As a side note: I became aware of how hard it is to put something into action when you are unable to really internalize, understand, or even have a replete vocabulary for it. This is something that a series of courses by a Baha'i foundation is hoping to combat as young people in our world are growing up not having a vocabulary for positive qualities, and therefore being unable to manifest them. I understood how it could be a problem before, but now I can relate to it.

So I tried to put integrity into broader context to gain a better idea. Most of the quotes in the book Sacred Moments, pertaining to this virtue, had to do with the idea of a strong foundation. There was a quote from Matthew 7 which talked about building your house on rock instead of sand. Those who build their homes on rock will withstand the rain and wind and storms. 

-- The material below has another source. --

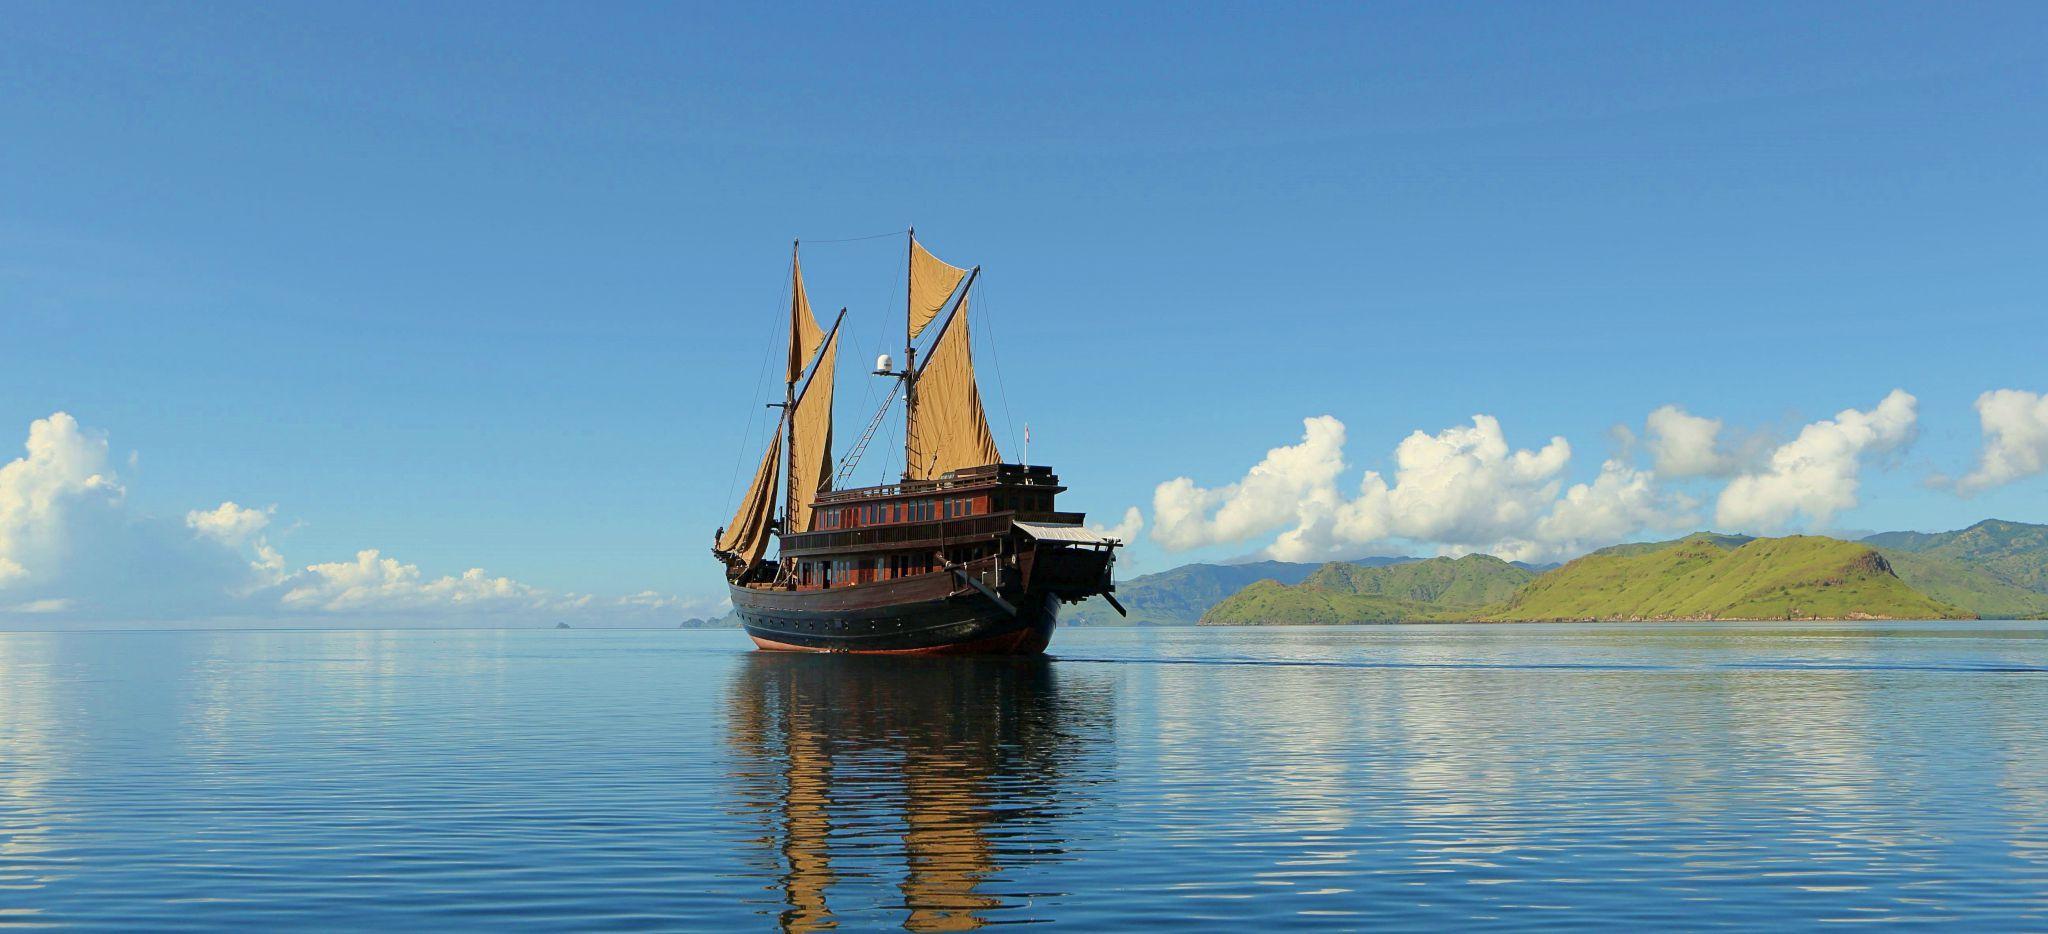 """Die Yacht """"Alila Purnama"""" auf dem Meer, mit Inseln im Hintergrund"""

I know the rock that I want to build my life on is Baha'u'llah's teachings, and so when I came across an address that Abdu'l-Baha gave to some american believers in December of 1912 I thought it was worth sharing. His words are powerful and straightforward, and He is calling all people to a higher level of integrity. It reminds me of the poem Desiderata, good words to live by.

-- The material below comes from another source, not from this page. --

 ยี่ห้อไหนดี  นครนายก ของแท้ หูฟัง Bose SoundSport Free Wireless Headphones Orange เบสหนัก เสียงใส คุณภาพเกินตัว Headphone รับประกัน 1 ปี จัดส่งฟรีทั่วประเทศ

"You must manifest complete love and affection towards all mankind. Do not exalt yourselves above others but consider all as your equals, recognizing them as the servants of one God. Know that God is compassionate towards all, therefore love all from the depths of your hearts, prefer all religionists to yourselves, be filled with love for every race and be kind towards the people of all nationalities. Never speak disparagingly of others but praise without distinction. Pollute not your tongues by speaking evil of another. Recognize your enemies as your friends and consider those who wish you evil as the wishers of good. You must not see evil as evil and then compromise with your opinion, for to treat in a smooth, kindly way one whom you consider evil or an enemy is hypocrisy and this is not worthy nor allowable. No! You must consider your enemies as your friends, look upon your evil-wishers as your well-wishers and treat them accordingly. Act in such a way that your heart may be free from hatred. Let not your heart be offended with any one. If some one commits an error and wrong towards you, you must instantly forgive him. Do not complain of others. Refrain from reprimanding them and if you wish to give admonition or advice let it be offered in such a way that it will not burden the heart of the hearer. Turn all your thoughts towards bringing joy to hearts
Beware! Beware! Lest ye offend any heart. Assist the world of humanity as much as possible. Be the source of consolation to every sad one, assist every weak one, be helpful to every indigent one, be the cause of glorification to every lowly one and shelter those who are overshadowed with fear.
In brief, let each of you be as a lamp shining forth with the virtues of the world of humanity. Be trustworthy, sincere, affectionate, and replete with chastity. Be illumined, be spiritual, be divine, be glorious, be quickened of God. Be a Baha'i."

13.5.09

muddiness and the Master

Over the past couple of weeks I have been falling and now find my face planted firmly in the wet mud of May. It doesn't feel like the worst place to be, although breathing can sometimes be difficult, but I think it is about time to get back up again and go have a shower- or perhaps a pressure wash would be more appropriate.

I am now refraining from a theatrical and over extended metaphor on the mud of life.


An early believer in the Faith of Baha'u'llah once went to Abdu'l-Baha distraught about how he as such a weak and selfish human could ever hope to attain to the standard of being which Baha'u'llah called all humanity. Abdu'l-Baha assured him that it can only be accomplished little by little; little by little. The believer was encouraged and thought to himself, 'I have all eternity for this journey from self to God. The thing to do is to get started.'

So here I am, little by little, trying to figure things out. 

The virtue of this week is integrity.